A category is a structure $\mathbf{C}=\langle C,\circ,\text{dom},\text{cod}\rangle$ of type $\langle 2,1,1\rangle$ such that $C$ is a class,

$\langle C,\circ\rangle$ is a (large) partial semigroup

dom amd cod are total unary operations on $C$ such that

$\text{dom}(x)$ is a left unit: $\text{dom}(x)\circ x=x$

$\text{cod}(x)$ is a right unit: $x\circ\text{cod}(x)=x$

if $x\circ y$ exists then $\text{dom}(x\circ y)=\text{dom}(x)$ and $\text{cod}(x\circ y)=\text{cod}(y)$

$x\circ y$ exists iff $\text{cod}(x)=\text{dom}(y)$

Remark: The members of $C$ are called morphisms, $\circ$ is the partial operation of composition, dom is the domain and cod is the codomain of a morphism.

The set of objects of $C$ is the set $\mathbf{Obj}C=\{\text{dom}(x)|x\in C\}$. For $a,b\in C$ the set of homomorphism from $a$ to $b$ is $\text{Hom}(a,b)=\{c\in C|\text{dom}(c)=a\text{ and }\text{cod}(c)=b\}$.


Let $\mathbf{C}$ and $\mathbf{D}$ be categories. A morphism from $\mathbf{C}$ to $\mathbf{D}$ is a function $h:C\rightarrow D$ that is a homomorphism: $h(\text{dom}(c))=\text{dom}h(c)$, $h(\text{cod}(c))=\text{cod}h(c)$ and $h(c\circ d)=h(c) \circ h(d)$ whenever $c\circ d$ is defined.

Morphisms between categories are called functors.


Example 1: The category of function on sets with composition.
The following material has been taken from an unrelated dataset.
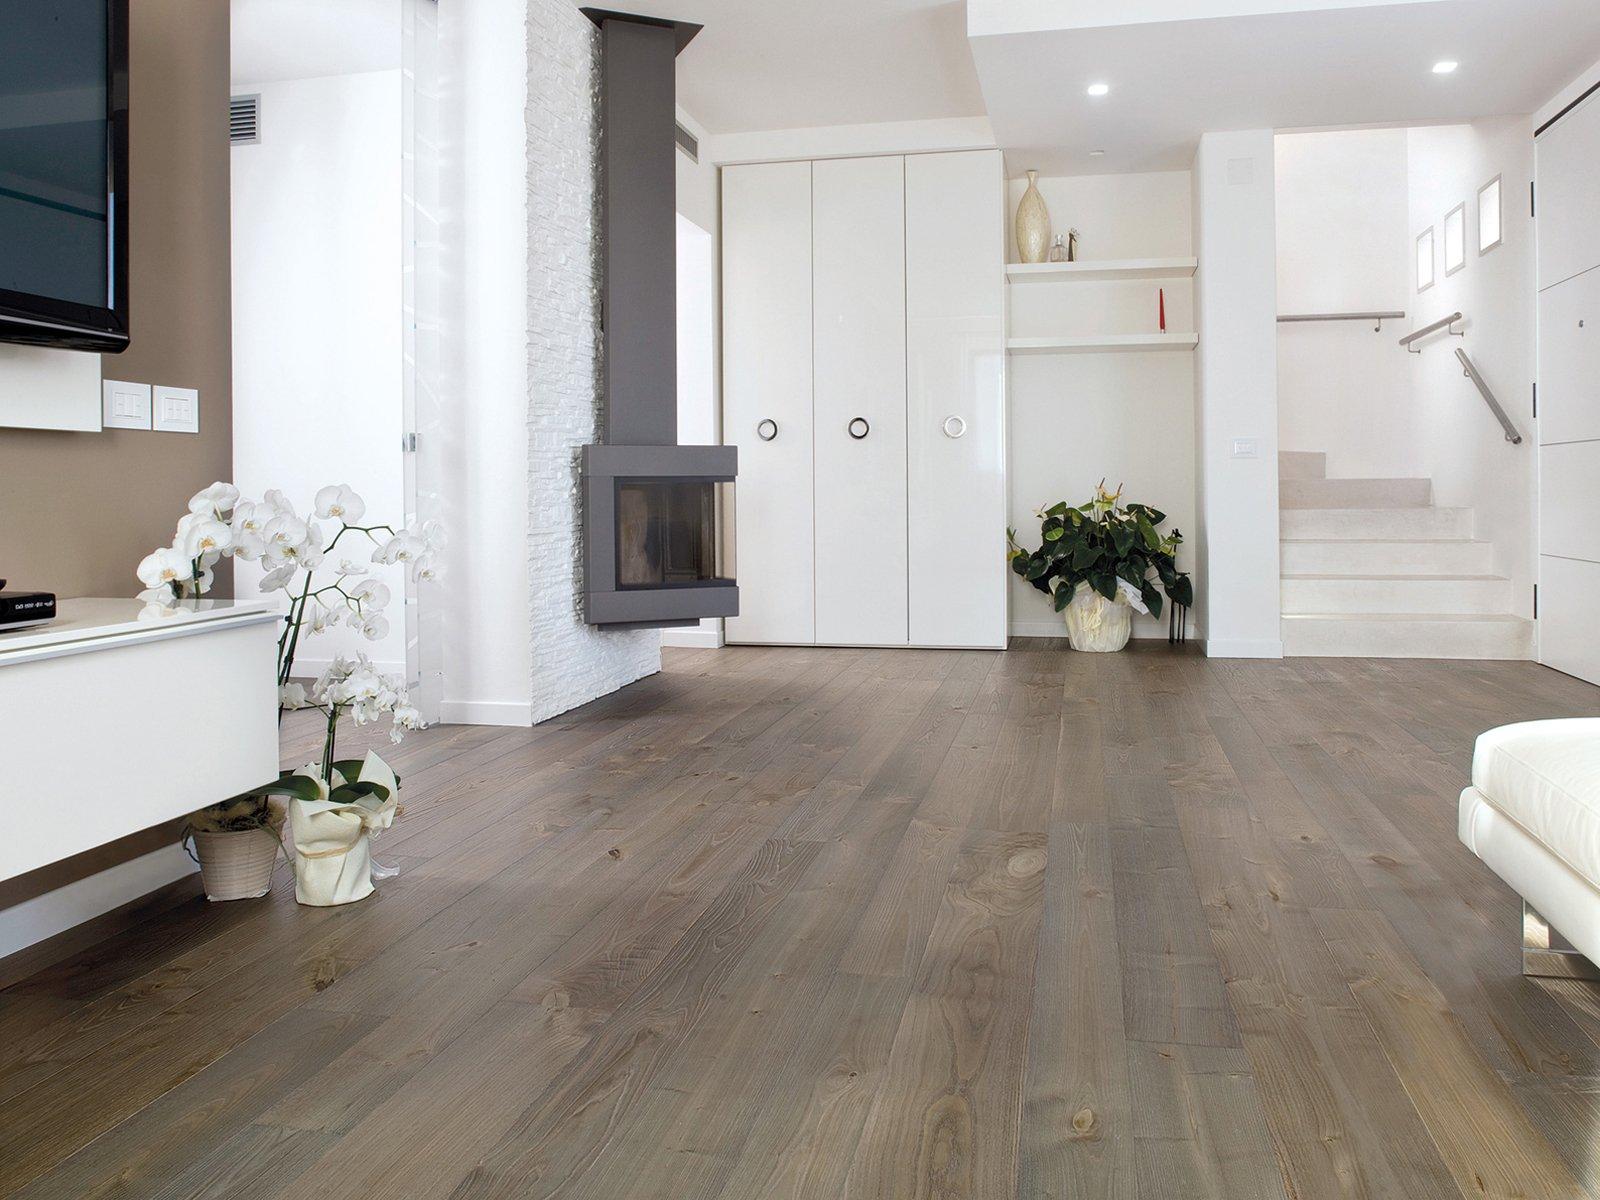 Parquet, essenze e tipologie - Cose di Casa

In fact, most of the classes of mathematical structures in this database are categories.

Basic results




Finite members

$\begin{array}{lr} f(1)= &1\\ f(2)= &3\\ f(3)= &11\\ f(4)= &55\\ f(5)= &329\\ f(6)= &2858\\ f(7)= &\\ f(8)= &\\ f(9)= &\\ f(10)= &\\ \end{array}$